Il continue et dit les noms, Marion et Anna deux sœurs, Sébastien, deux sœurs jumelles Charlotte et Emilie, Raphael, Asta, Alva, Justine et Stella il explique qu’il n’a pas voulu faire les constatations habituelles : ils n’ont pas déshabillé les morts comme ils font d’habitude donc « je ne peux pas vous dire toutes les plaies »

« Quand on arrive y’a pas un seul bruit, les policiers ont fermé les rues, y’a personne qui vient nous embêter il y a juste une chose qui stoppe le silence..les portables des victimes qui sonnent sans cesse c’est la seule chose qui nous sort de notre professionnalisme. »

Les photos continuent c’est du sang partout sur le sol, les murs, il dit qu’ils retrouveront 121 douilles « ça correspond à 4 chargeurs de Kalachnikov » 203 munitions, des corps sont perforées par 36 orifices, un autre 22, un autre encore 14…

L’avocat général demande combien de policiers ont été mobilisés pour cette scène : « Je suis arrivé avec sept personnes, plus huit autres policiers, plus des gens de la SDAT et cinq personnes de l’identification judiciaire, je suis le dernier à être parti à 8h30 du matin. »

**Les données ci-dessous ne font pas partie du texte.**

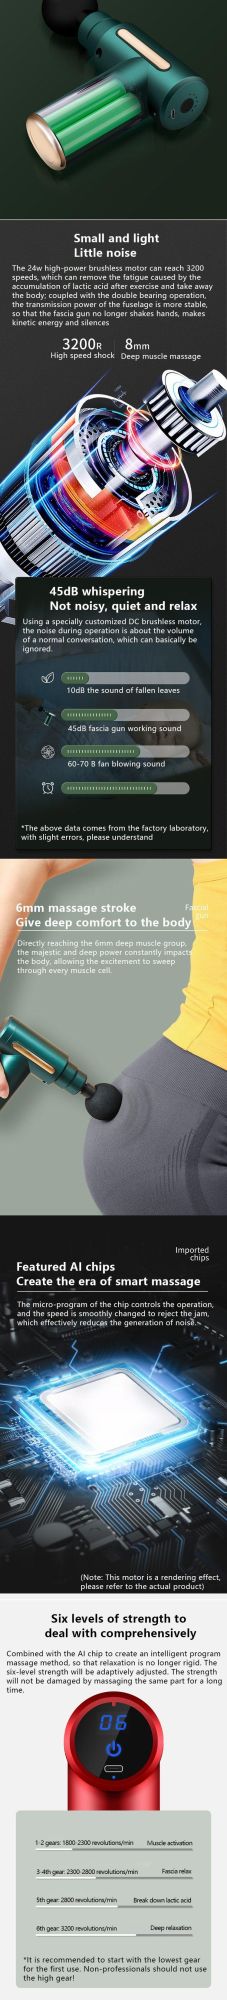 Mini Relax Best Gifts for Christmas Massage Muscle Massage Gun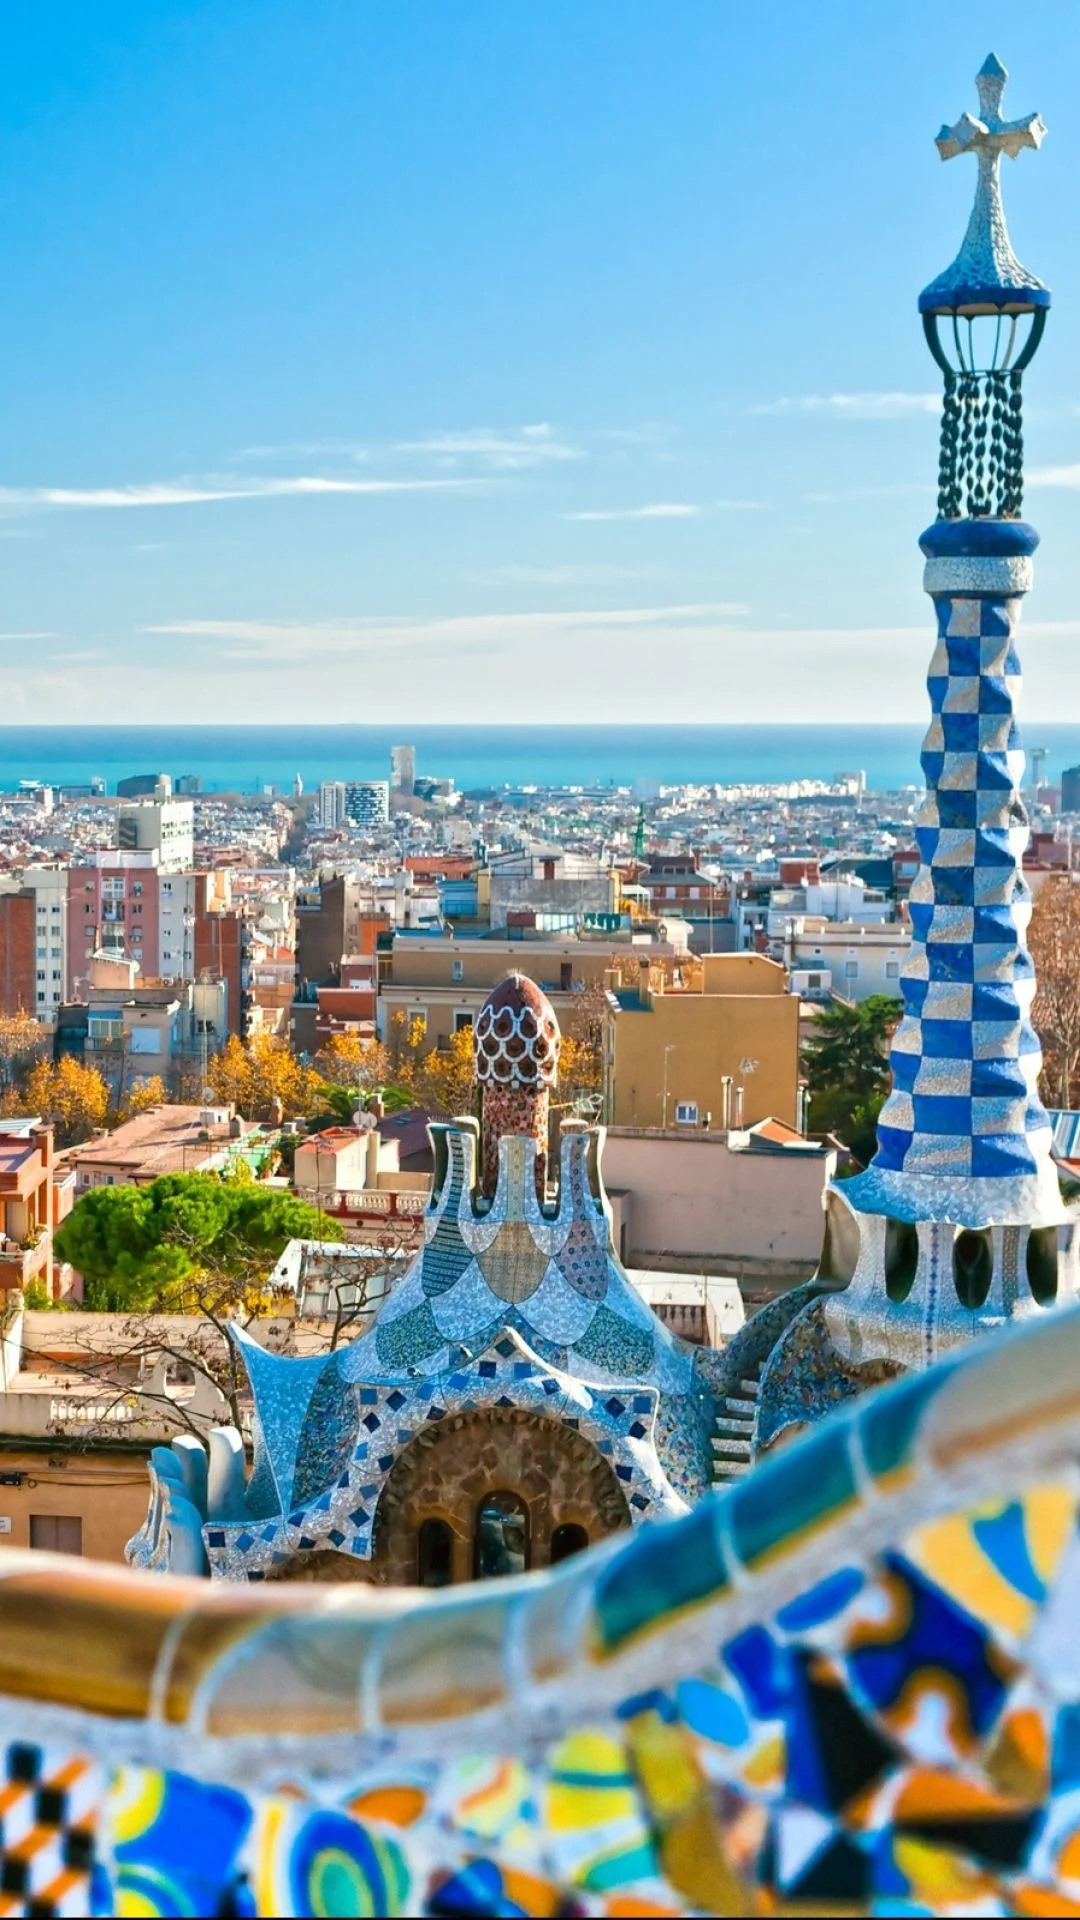 Barcelona City: Architecture, Urban design, Gaudi, Spanish city. 1080x1920 Full HD Wallpaper.

Un avocat partie civile, Me Reinhart (son neveu Valentin est décédé au Bataclan, il était aussi avocat) « Moi j’ai des questions toutes bêtes, toutes simples » il demande si d’après le policier les terroristes ont fait des repérages avant ? L’enquêteur répond : « On sait que le véhicule est passé une première fois devant les terrasse bondées » ( grâce à la téléphonie) et puis après il y a discussion sur le nombre de véhicules présents, souvent le policier parle comme ça : « Vous dire c’qui s’passe dans la tête d’ces gars j’en sais rien » et souvent aussi « je suis incapable de vous dire » à une avocate qui lui demande s’il est sur qu’il n’y avait que trois terroristes il dit qu’il n’en sait rien il n’a aucun moyen de le savoir si ce n’est le témoignage des victimes vivantes qui sont choquées, il termine en disant que des gens des terrasses ont cherché à se réfugier jusque dans les toilettes, « on a retrouvé du sang » et derrière les comptoirs des restaurants mais « il n’y avait pas assez de place et puis les cuistots sont venus aider les gens » le dernier témoin arrive, aussi commissaire pour parler du restaurant Cosa Nostra, je pars je n’y arrive plus et demain c’est le Bataclan et ses quatre-vingt dix morts.